Черкасов подходил, сжимая рукоятку «ТТ», отгибал еловые ветви. Вход в землянку был прикрыт лапником. Капитан лихорадочно отбросил его ногами, открылся узкий проход. Что тут было в войну? Форпост партизанской базы товарища Завьялова – забытый и заброшенный?
Он включил фонарь, тот трясся в руке, зубы стучали от волнения. Догони он в тот день Никиту Решетова, не дай ему свалить в овраг (или куда он там свалил) – глядишь, и раньше бы все закончилось, и трупов было бы меньше… Землянка крохотная, стены осыпаются, трухлявые доски под ногами. Здесь раньше был тайник, что-то складывали – пыль на полу, но не везде. Сейчас остался единственный сверток – что-то цилиндрическое, обмотанное брезентовой материей.
Алексей опустился на колени, пристроил фонарь, стал разворачивать находку. Отбросил брезент, стал избавляться от слоев оберточной бумаги. Черт возьми, похищенную картину еще не сбыли подпольным воротилам! Впрочем, стоит ли удивляться, здесь не Париж, не Нью-Йорк, не Рио-де-Жанейро, где с подобным раритетом только появись…

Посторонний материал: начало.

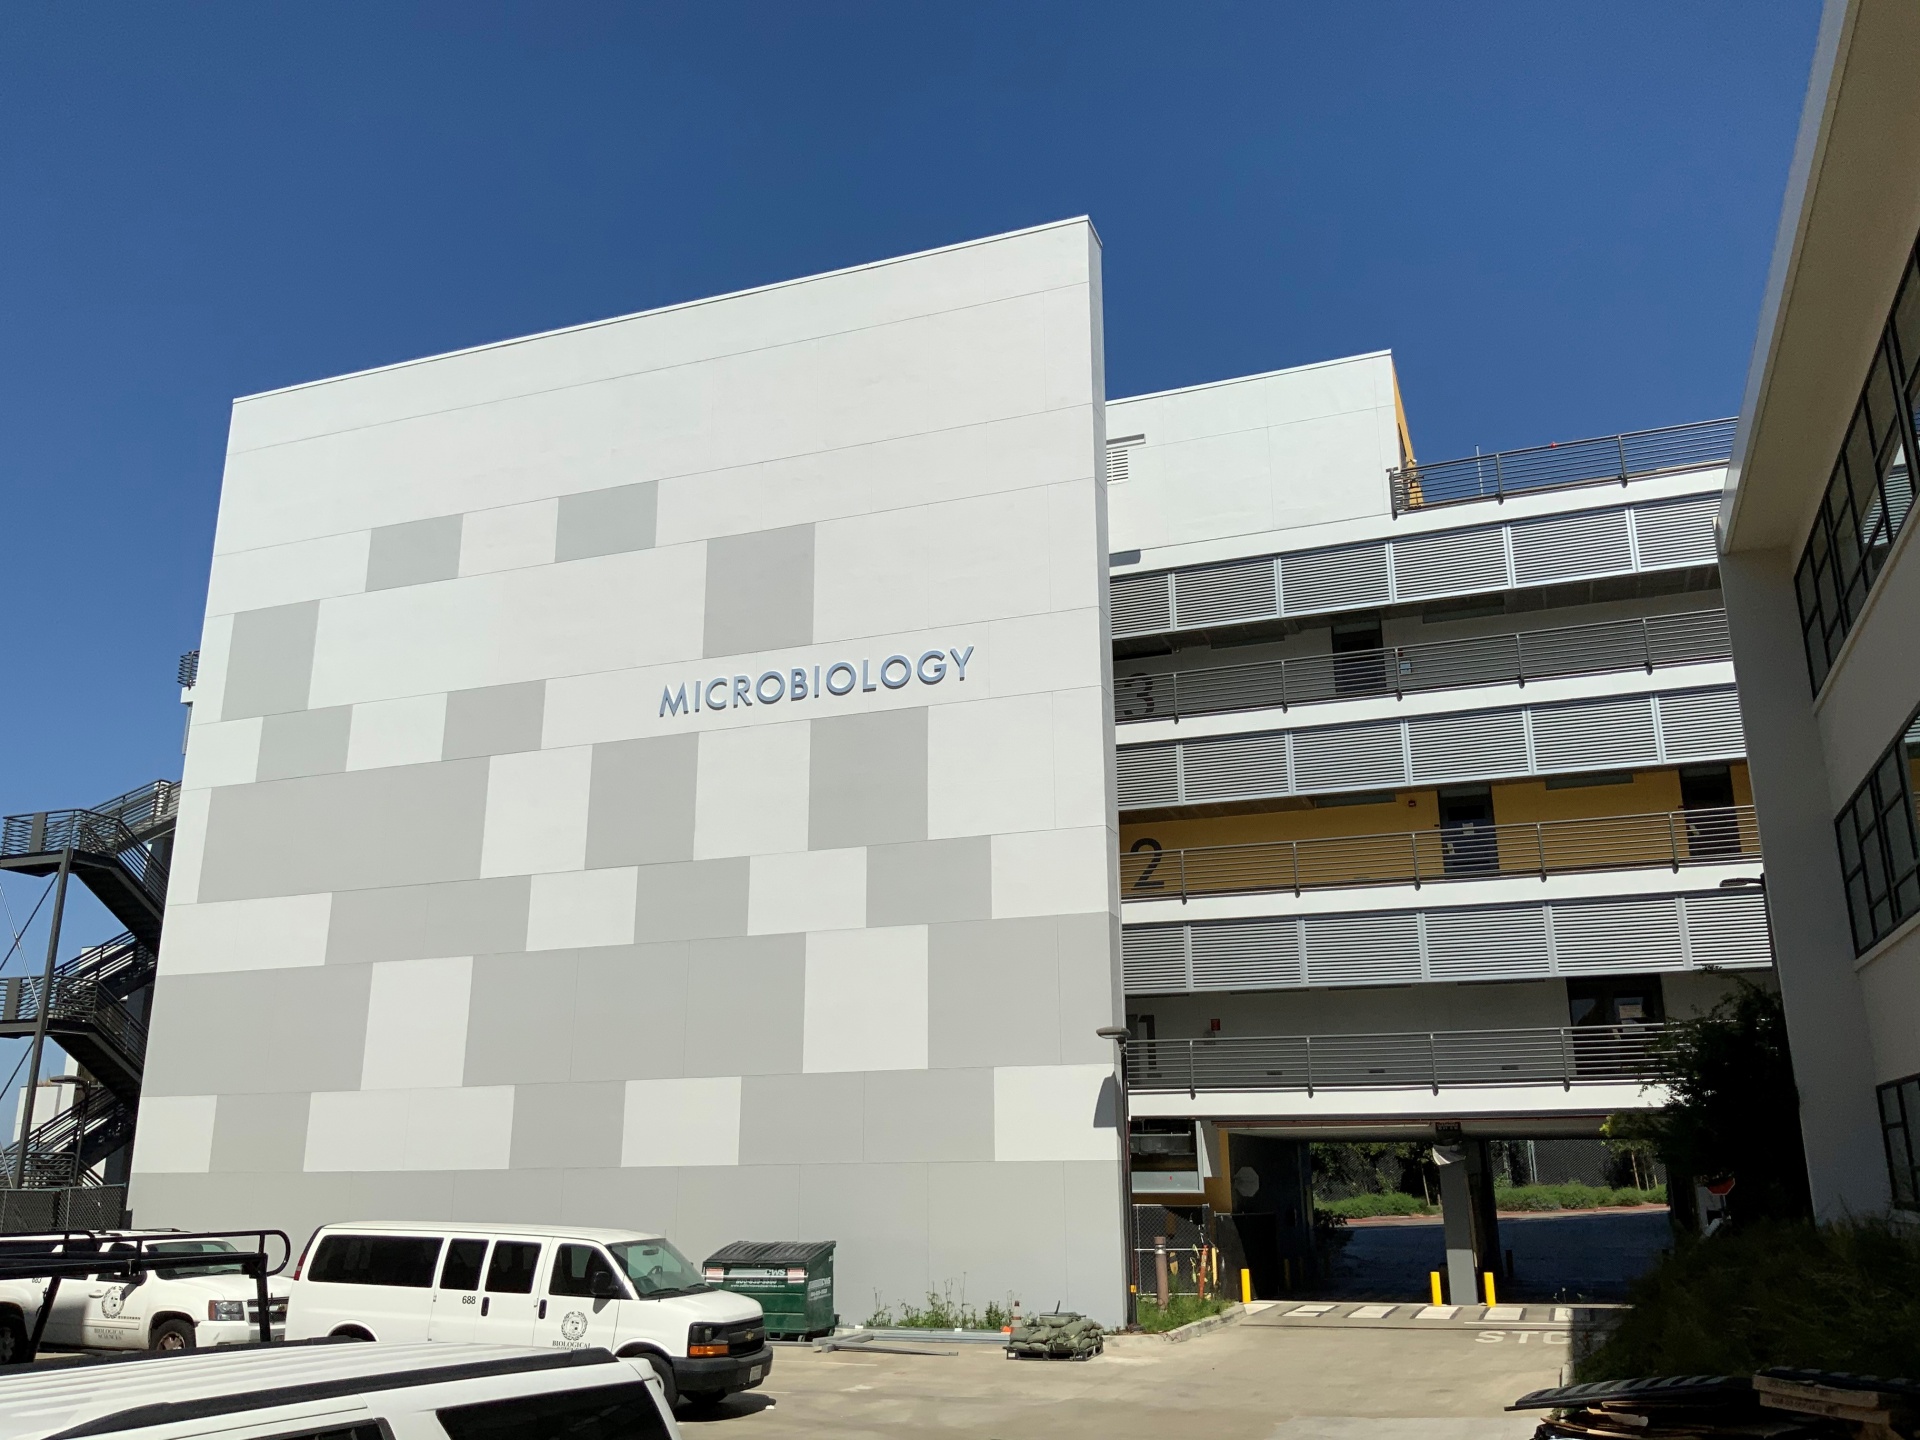 Microbiology Building

Он аккуратно разворачивал плотное полотно, старался не лезть пальцами в «рабочую» поверхность. Пристроил на колене, схватился за фонарь. Луч света ползал по бесценному творению Василия Дмитриевича Поленова. Проявлялись очертания соснового бора, усадьбы с колоннадой на заднем плане, вот и женщина в шляпке, спускающаяся по тропе. Живописец действительно тщательно выписывал каждую деталь, не пропускал ни одну мелочь, включая эмоции молодой дамы, которая с кем-то поссорилась, а может быть, получила письмо с неприятным известием…
Алексей скрутил обратно картину, прислушался, вытянув шею. В лесу чирикали птицы, в кронах деревьев утробно гудел ветер.
Он завернул находку в брезент, перевязал бечевкой, начал выбираться на улицу. Несколько минут сидел под елочкой, приходил в себя. Ветер усиливался, тучи побежали резвее. Но день был без осадков, хотя шут его знает, что будет дальше… Из желающих навестить укромное местечко сегодня он был один.
Алексей отложил находку и снова спустился в землянку, светя фонарем. Не может быть, чтобы преступники не оставили хотя бы завалящую улику. Они же не рассчитывали, что сюда придет милиция, считали эту местность исключительно своей! Он выбрался из землянки, стал ходить кругами, расширяя радиус поиска.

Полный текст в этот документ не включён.